# SCA Promotions wants $7,000,000 back from Lance



## MikeBiker (Mar 9, 2003)

I hope that Lance invested it well.



> A Dallas promotions company that paid Lance Armstrong more than $7 million in bonuses for winning the Tour de France is demanding he return the money. A spokesman for SCA Promotions said Friday the company will send Armstrong a demand letter on Monday now that Armstrong' seven Tour de France titles have been revoked. The company paid Armstrong about $7 million for winning his sixth tour in 2004 and reportedly paid up to $12 million total.


----------



## captain stubbing (Mar 30, 2011)

think it just goes to show how shifty lance was to pull one over on an a insurance company!

they never forget!


----------



## HacO (Jan 25, 2010)

Look like the #%^*#%^ will get away with it.

Dallas promoter demands refund from Armstrong - Yahoo! News


----------



## Salsa_Lover (Jul 6, 2008)

If he refuses to pay back, SCA then could start a procedure for perjury against him right ?


----------



## Doctor Falsetti (Sep 24, 2010)

Settlements based on fraud can be overturned in most states. Add to this that Armstrong committed perjury in the case. Also only $7.5 million were in the settlement. Another $4 million were paid out prior.


----------



## jorgy (Oct 21, 2005)

Salsa_Lover said:


> If he refuses to pay back, SCA then could start a procedure for perjury against him right ?


It's outside the statute of limitations. Armstrong can still plead the fifth, although it has different implications in a civil vs criminal case.


----------



## MR_GRUMPY (Aug 21, 2002)

But he did "win" the TDF in those years. That can't be changed. Record books can be changed, but historical events can't be changed. (unless you live in a "1984" type society).

Also

Correct me if I'm wrong, but wasn't one of the reasons that Armstrong won was because there was no mention of doping in the contract?....Please correct me if I am wrong.
.
.
.


----------



## ronderman (May 17, 2010)

The contract did read winner, but he has, officially, been stripped of it. Also, there is no question he perjured himself.

Either way, it's a mess.


----------



## the_doctor (Dec 27, 2008)

ronderman said:


> The contract did read winner, but he has, officially, been stripped of it. Also, there is no question he perjured himself.
> 
> Either way, it's a mess.


The SCA Lawyer said,previously, that the word of "winner" was qualified with the word of "official." They dropped the case as they could not declare Mr. Armstrong was not the "official winner."
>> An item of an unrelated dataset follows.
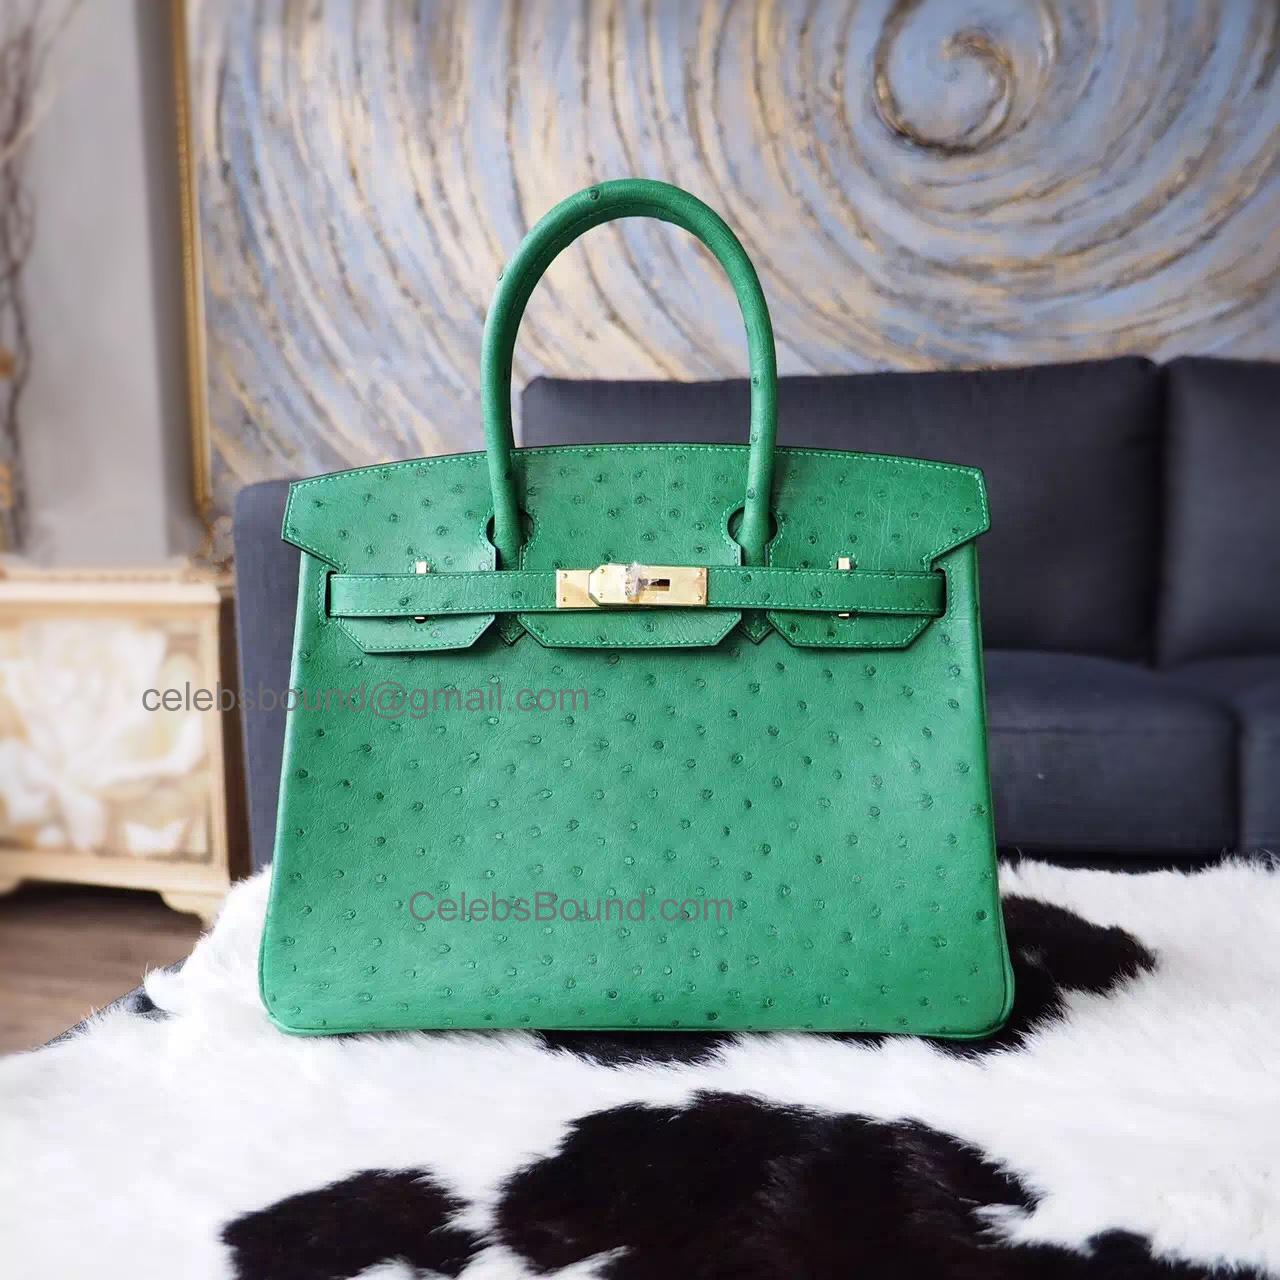 246db8e65040 Hand Stitched Hermes Birkin 30 Bag in 6g Pelouse Ostrich GHW

Now, he is no longer the "official winner."

Bill


----------



## Doctor Falsetti (Sep 24, 2010)

jorgy said:


> It's outside the statute of limitations. Armstrong can still plead the fifth, although it has different implications in a civil vs criminal case.


Give the efforts Armstrong went to cover it up it would be easy to Toll the SOL.....but this does not matter as SCA would not "Charge" Armstrong, that is someone elses job. They would show that Armstrong committed Perjury and Fraud, which are the most common reasons settlements are overturned


----------



## Doctor Falsetti (Sep 24, 2010)

MR_GRUMPY said:


> But he did "win" the TDF in those years. That can't be changed. Record books can be changed, but historical events can't be changed.
> .


Yeah, and Rosie Ruiz won the Boston Marathon :thumbsup:


----------



## ghost6 (Sep 4, 2009)

Doctor Falsetti said:


> Yeah, and Rosie Ruiz won the Boston Marathon :thumbsup:



Illogical comparison, Doctor.


----------



## Doctor Falsetti (Sep 24, 2010)

ghost6 said:


> Illogical comparison, Doctor.


You are right, Armstrong's fraud is far larger then Rosie's


----------



## zoikz (Sep 5, 2003)

Can't imagine that ego goes down lightly. Man's life is over. Guess he'll have to sell a couple mansions.


----------



## mpre53 (Oct 25, 2011)

jorgy said:


> It's outside the statute of limitations. Armstrong can still plead the fifth, although it has different implications in a civil vs criminal case.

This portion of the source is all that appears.